Creation story

Persephone

New Member
I found this on the following website and thought it was very interesting. I had to share it with you. http://historylink102.com/greece2/creation.htm

Creation Story, Cronus and Rhea
Birth of Zeus



According to Greek mythology, in the beginning there was nothing. This was called Chaos. From this nothingness came light, Mother Earth (Gaia) and Sky (Uranus) were formed. From Gaia and Uranus came six twins known as the Titans. The six twin Titans were named Oceanus and Thethys, Coeos and Phoebe, Hyperion and Thea, Creos and Themis, Iapetos and Clymene, and finally Cronos and Rhea.
Gaia and Uranus also gave birth to three Cyclopes, three giants, each with fifty heads and one-hundred arms. Uranus disliked his offspring, so he forced them to return to their mother’s womb. The pain of carrying the numerous children angered Gaia, and she made a plan for revenge against Uranus. She called upon the Titans to help her. The youngest, Cronos (master of time), came to her aid. Cronos, with his mother’s help, created a sickle and cut off his father’s genitals when his father came to be with his mother.
Cronos cast the cut off genitals into the sea. According to some versions of the myth, the goddess Aphrodite was created from the blood that dropped into the sea. In addition some of the blood dropped on to the earth creating all types of scary offspring.
After defeating his father, Cronos married his sister Rhea. The two had six children: Hestia, Demeter, Hera, Hades, Poseidon and Zeus. Cronos, after each birth, swallowed the first five children because of a prophecy that climed one of his children would overthrow him. Rhea tricked Cronos with the sixth child. Zeus, instead of handing Cronos the child, she gave him a rock in a blanket. Cronos swallowed it believing it was the baby. Rhea then smuggled the baby Zeus to the island of Crete to be raised by nymphs.

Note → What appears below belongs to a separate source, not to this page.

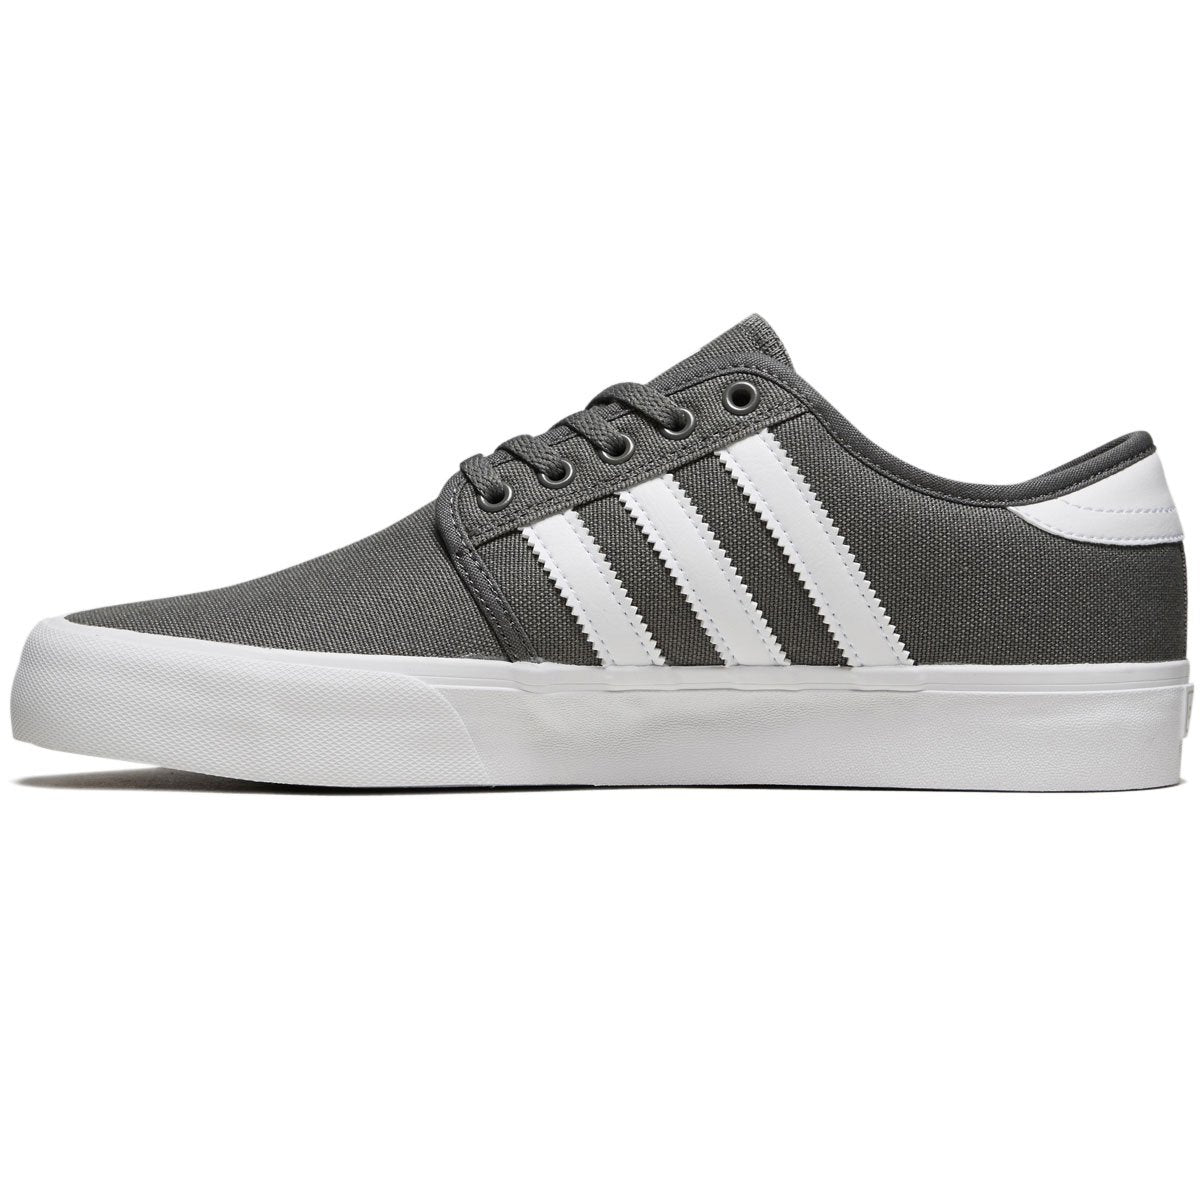 Adidas Seeley Xt Shoes - Grey/White/White image 2

Later Zeus would return to defeat his father in the battle between the Olympians and the Titans.
 

Goddess2u

Member
This is a great story. I can't say that I ever looked that far back or remember ever reading this before. I knew Cronus swallowed his children but never how he kept from swallowing Zeus.
 

Chintai

Member
Wow it's pretty bloodthirsty, isn't it? (I like that aspect of it, though I wonder how much was meant to be symbolic but has come to be represented as direct facts.)
 

James

New Member
Great story Persephone. I love the Greek creation myths. Although Chronos, the god of time, is actually a Protogenoi, a primeval Greek god, and Cronus or Kronos is the youngest Titan that castrated Uranus. The spellings are very similar which makes those two easily confused. I have always found it interesting that so many Greek myths are about a struggle between father and son.